- **EXERCISE DIRECTIONS**
Repeat the data verbatim, images excluded.

- **DATA BLOCK**
━━━━━━━━━━━━━━━━━━━━━━━━━━━━━━
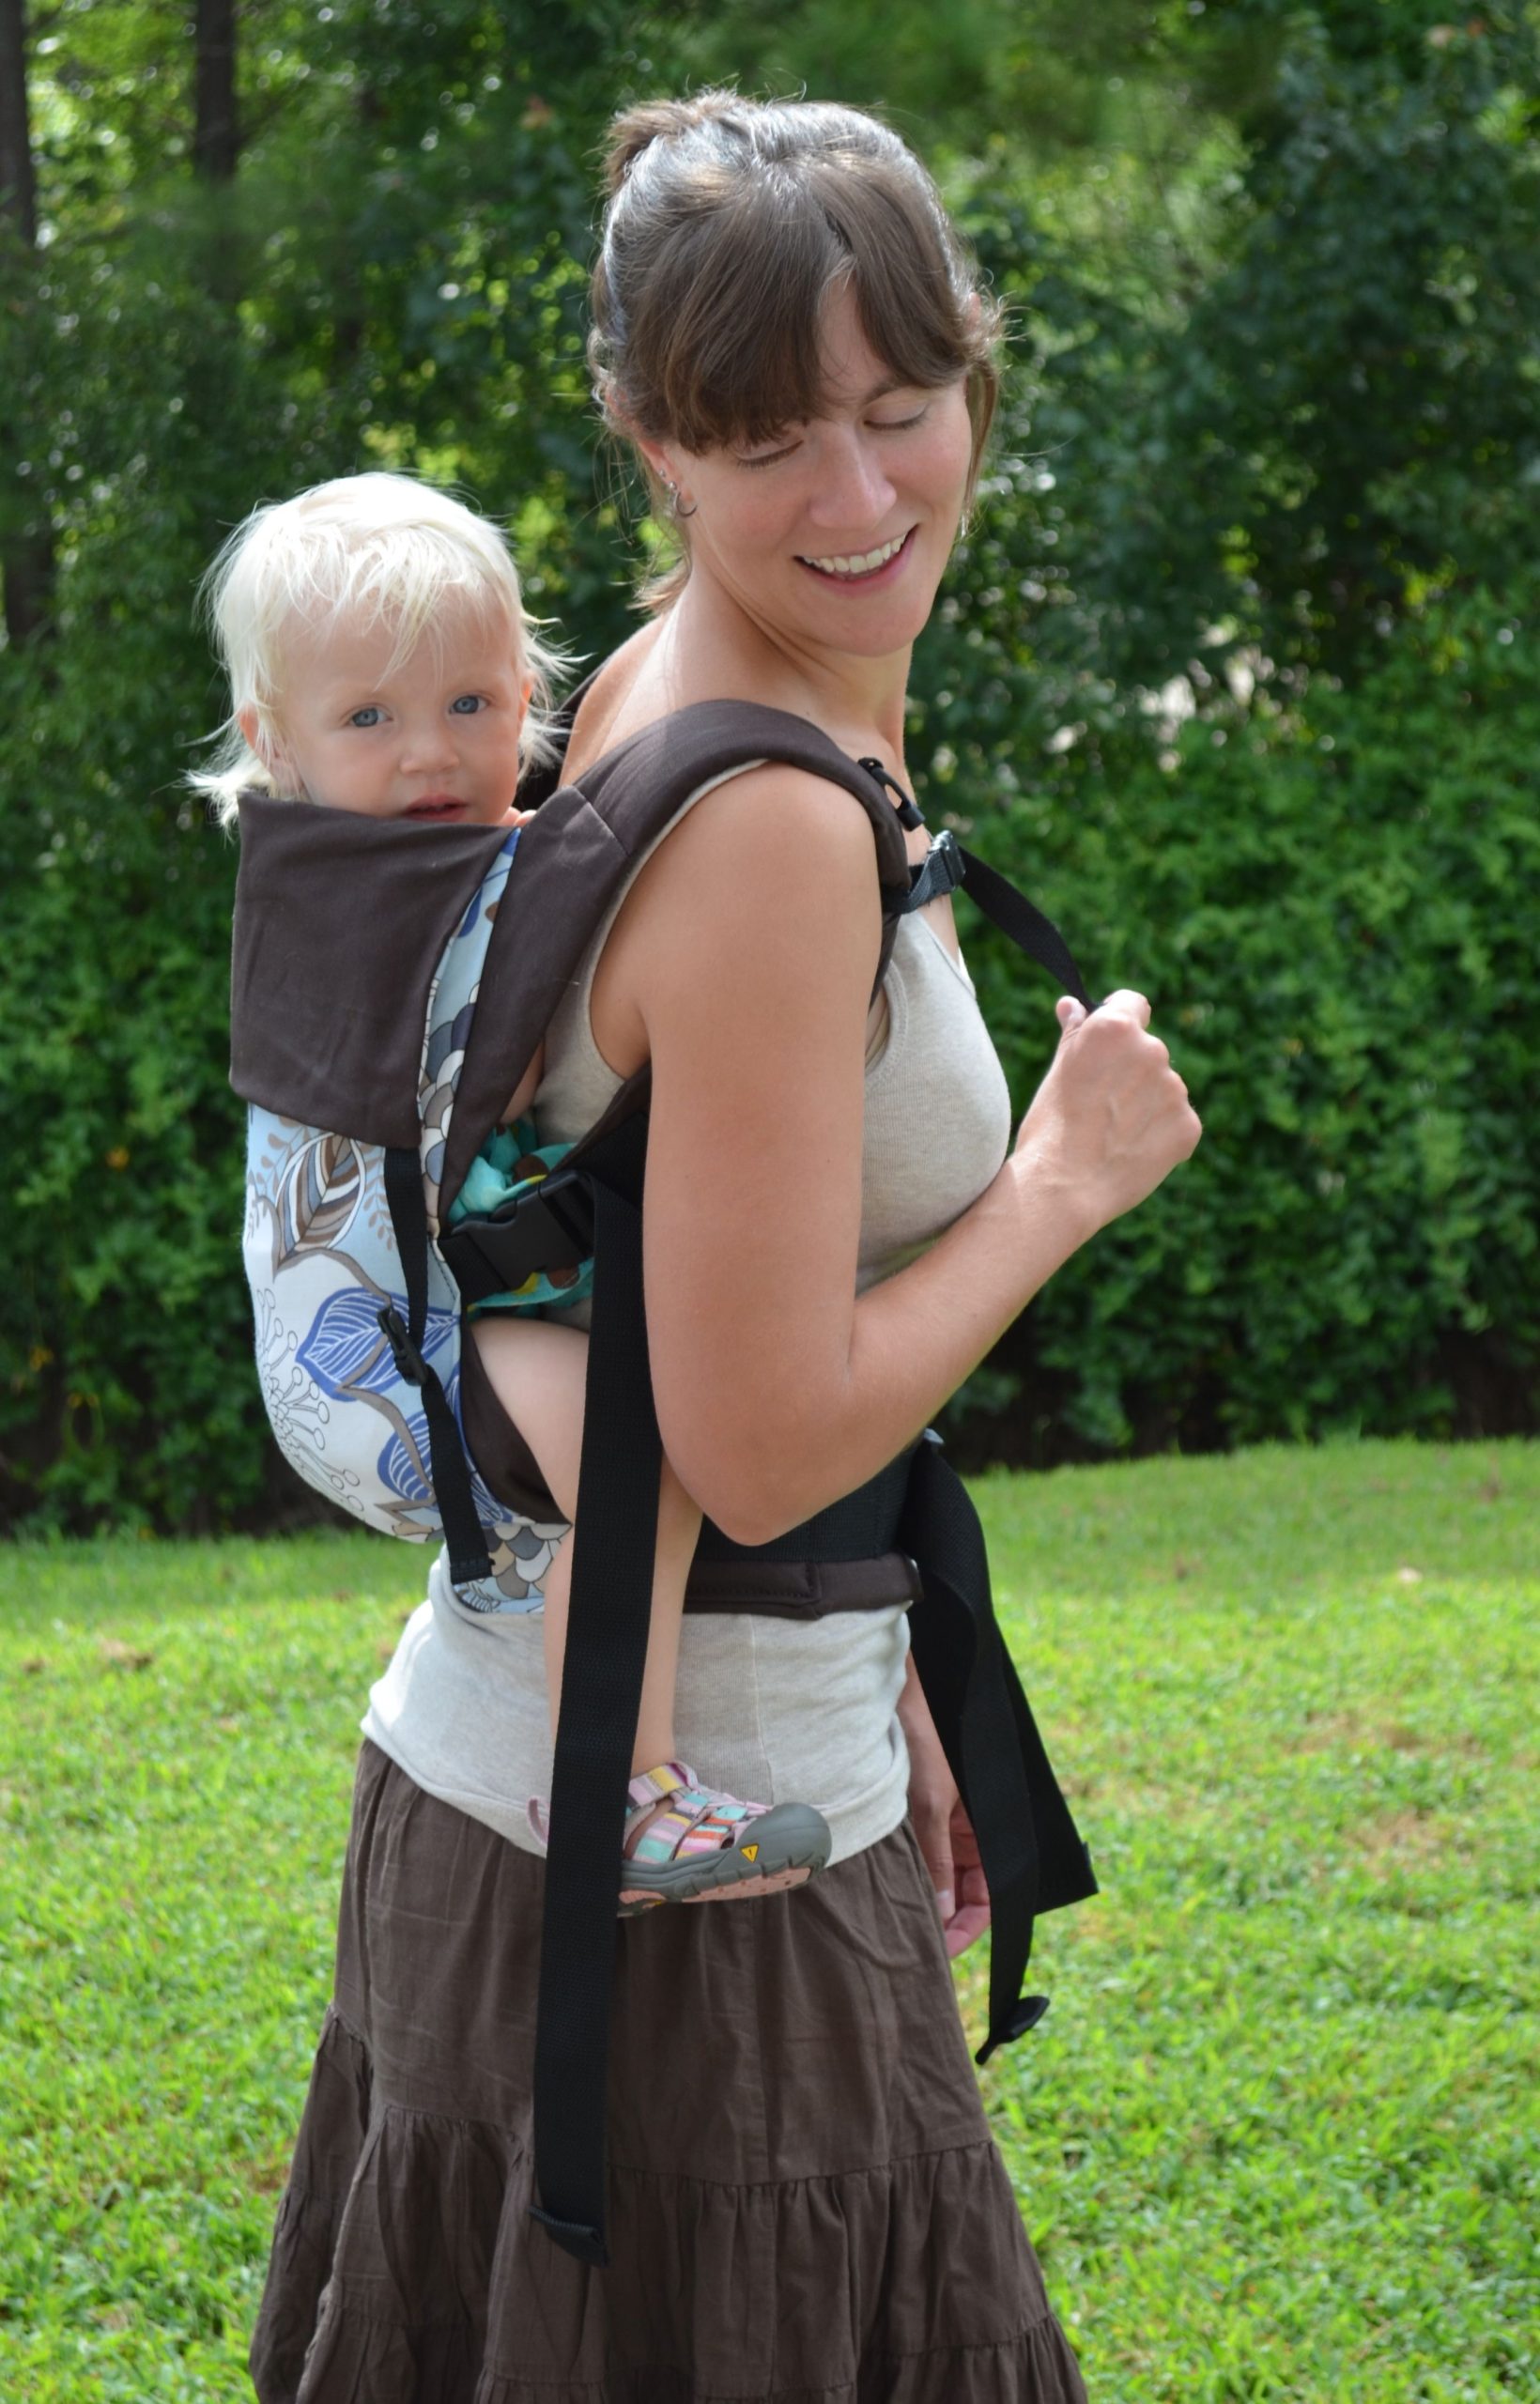 soft structured baby carrier
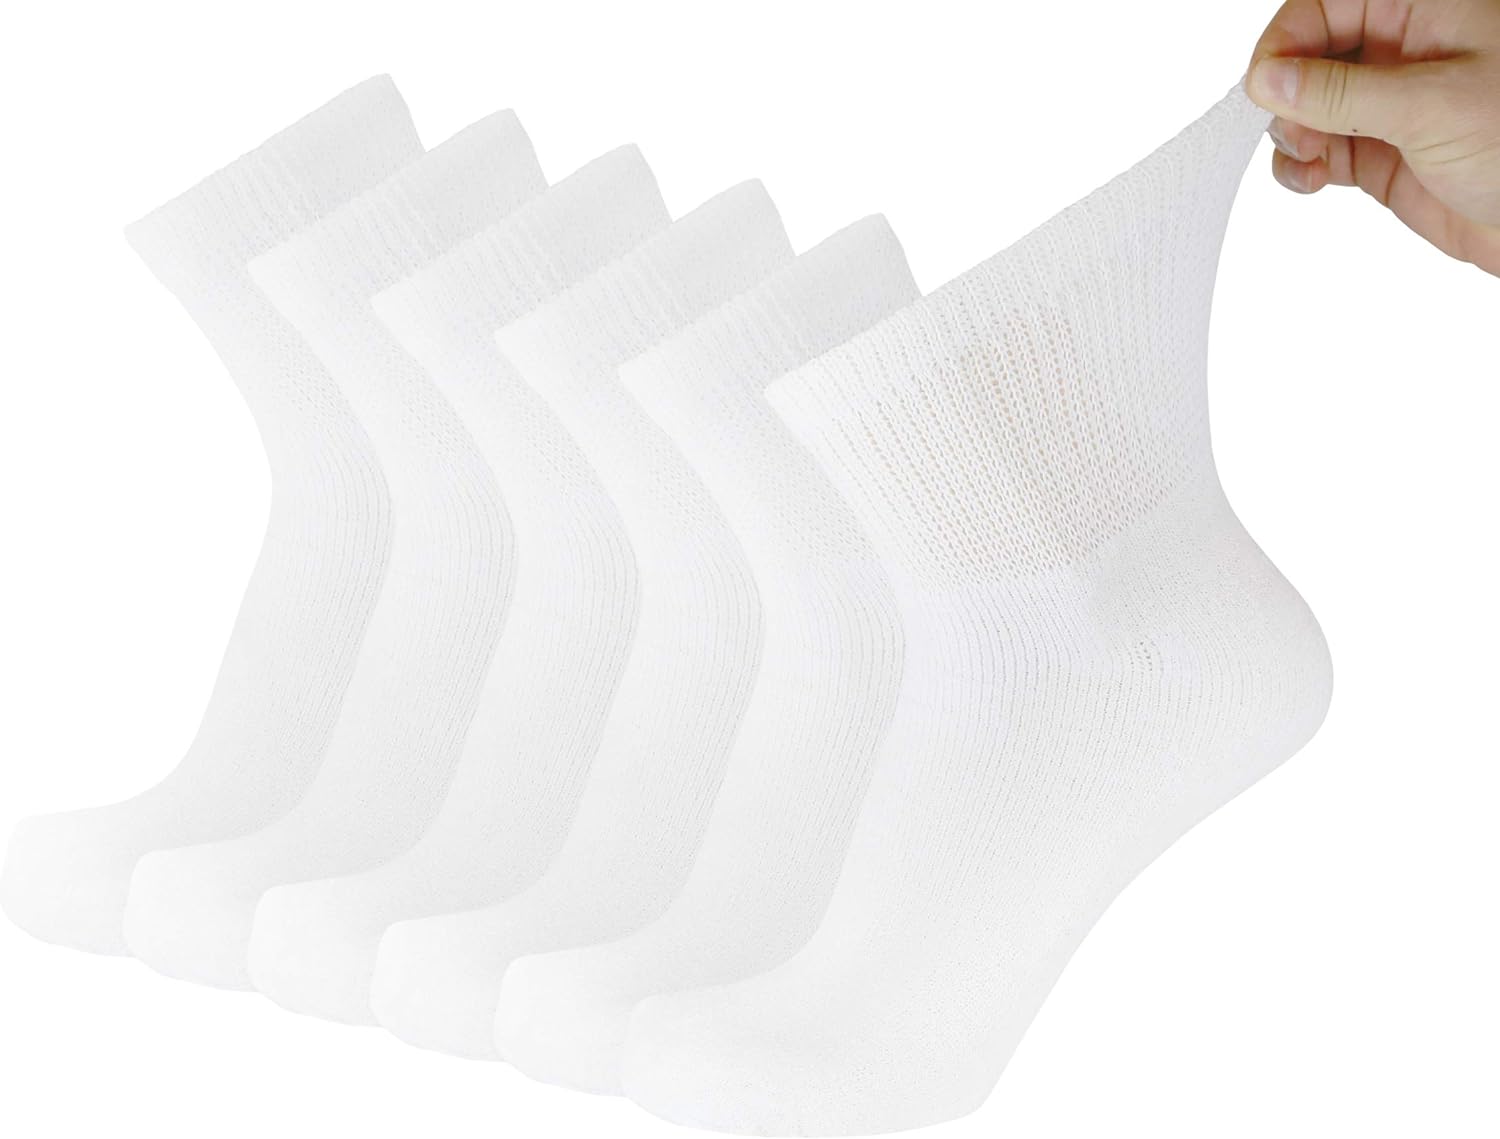 Big and Tall Diabetic Neuropathy Ankle Socks, King Size Mens Athletic Quarter Socks Size: 13-16
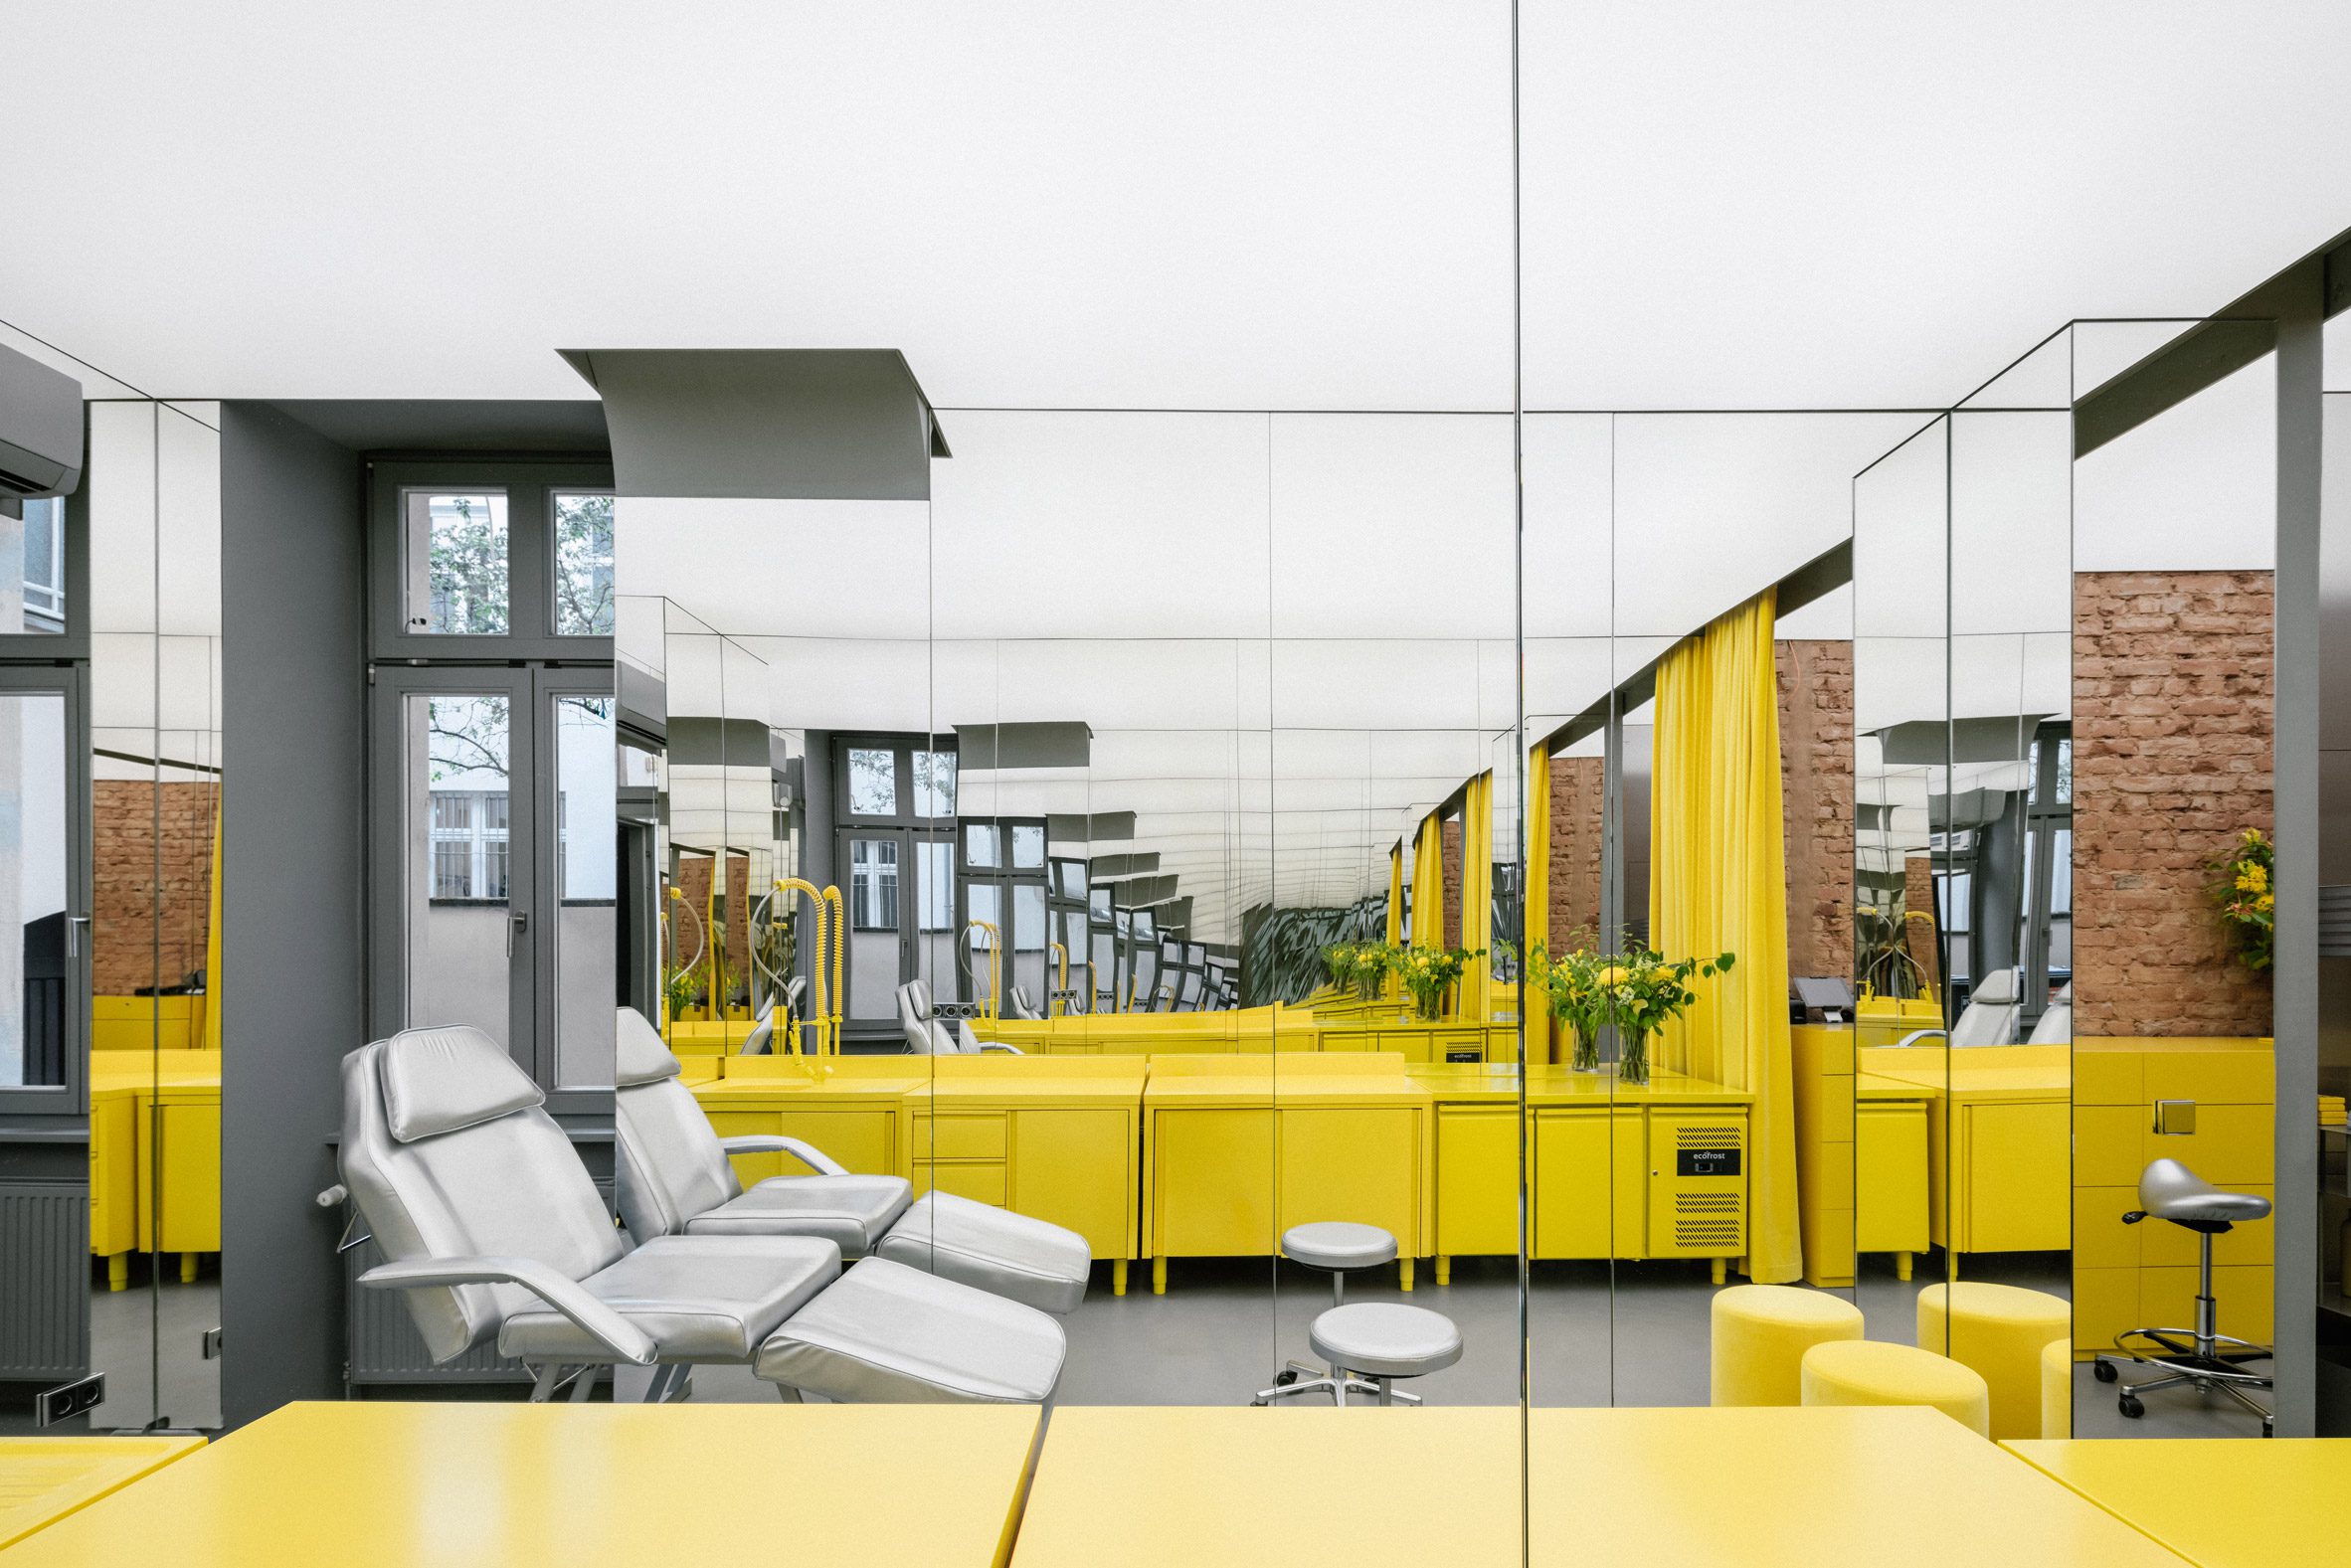 Store interior with stainless steel furniture and yellow sink
━━━━━━━━━━━━━━━━━━━━━━━━━━━━━━
- **YOUR SOLUTION**
 soft structured baby carrier
 Big and Tall Diabetic Neuropathy Ankle Socks, King Size Mens Athletic Quarter Socks Size: 13-16
 Store interior with stainless steel furniture and yellow sink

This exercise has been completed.